An ultrasensitive electrochemical biosensor for the detection of mecA gene in methicillin-resistant Staphylococcus aureus

•A multi-signal probe system was developed.•A 3D DNA tetrahedron structure was used as a base of the capture probe.•10 fM synthetic target DNA and 57 fM MRSA gDNA was successfully detected.•The reliability of MRSA gDNA analysis was demonstrated by digital PCR.

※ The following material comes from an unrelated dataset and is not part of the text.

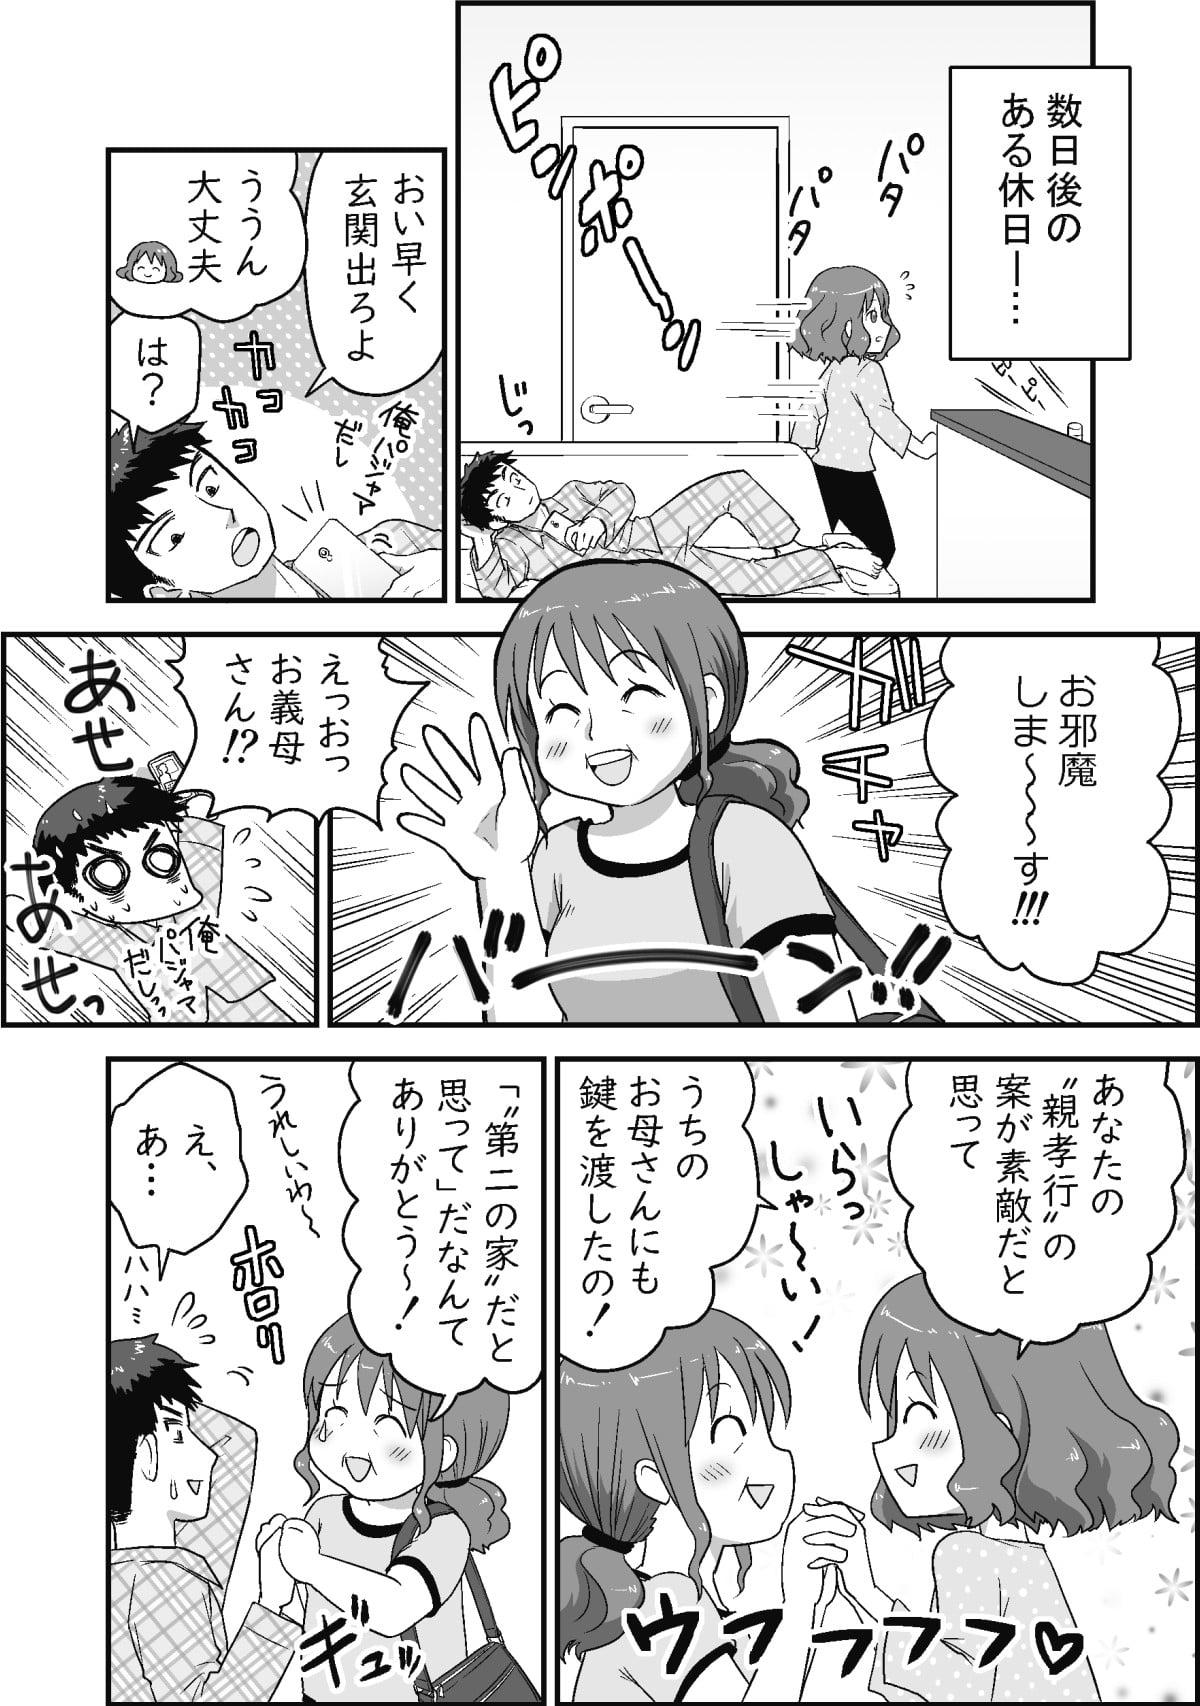 【後編】旦那が義母に合鍵を渡していた!02
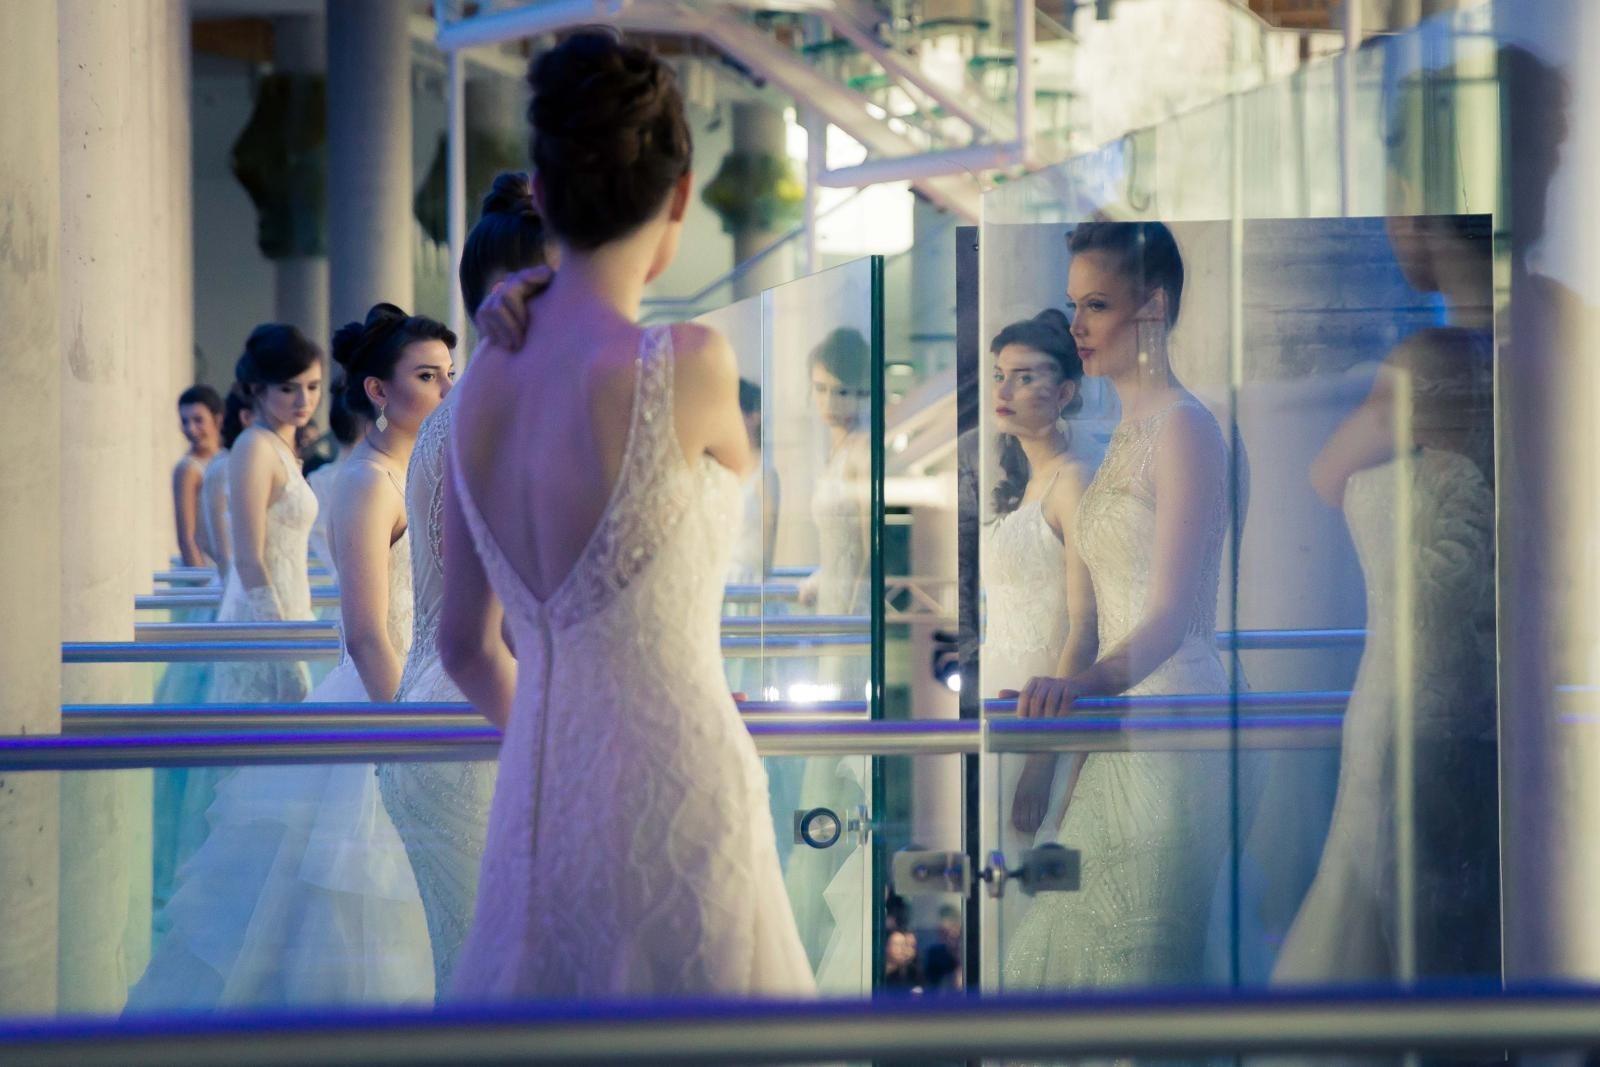 życzenia Na Rocznicę ślubu Najpiękniejsze Wierszyki I życzenia Na

Electrochemical DNA biosensor has unique advantages for on-site pathogenic microorganism detection, yet the detection of long DNA towards genome DNA (gDNA) analysis remains challenge. In this work, we report a novel electrochemical biosensor for the ultrasensitive analysis of mecA DNA on methicillin-resistant Staphylococcus aureus (MRSA) genome, using a multi-signal probes (MSP) system. The MSP consists of 7 biotin-labelled signal probes that will combine to the target DNA in a prehybridization step, and then the complex will be captured by a DNA tetrahedron structure probe (TSP) on the electrode surface. Then, after the introduction of the streptavidin-labelled HRP enzyme, a catalysis current signal is detected that is found to be corresponding to the concentration of the target DNA. MSP in this work plays a critical role not only for the signal amplification through bringing 7 biotins, but also dramatically improves the accessibility of the target sequence embedded in the double-strand DNA molecules and complex second structures. The 3-D DNA TSP here provides steady support and optimized surface density for the very "large" complex of MSP system and gDNA, as a base of the capture probe. Finally, as low as 10 fM synthetic target DNA was successfully detected, which is at least 3 magnitudes lower than that using single signal probe. Most importantly, we demonstrated the practicability of our analysis method by analyzing a 57 fM MRSA gDNA sample showing excellent selectivity, and the reliability of the analysis was also demonstrated by digital PCR.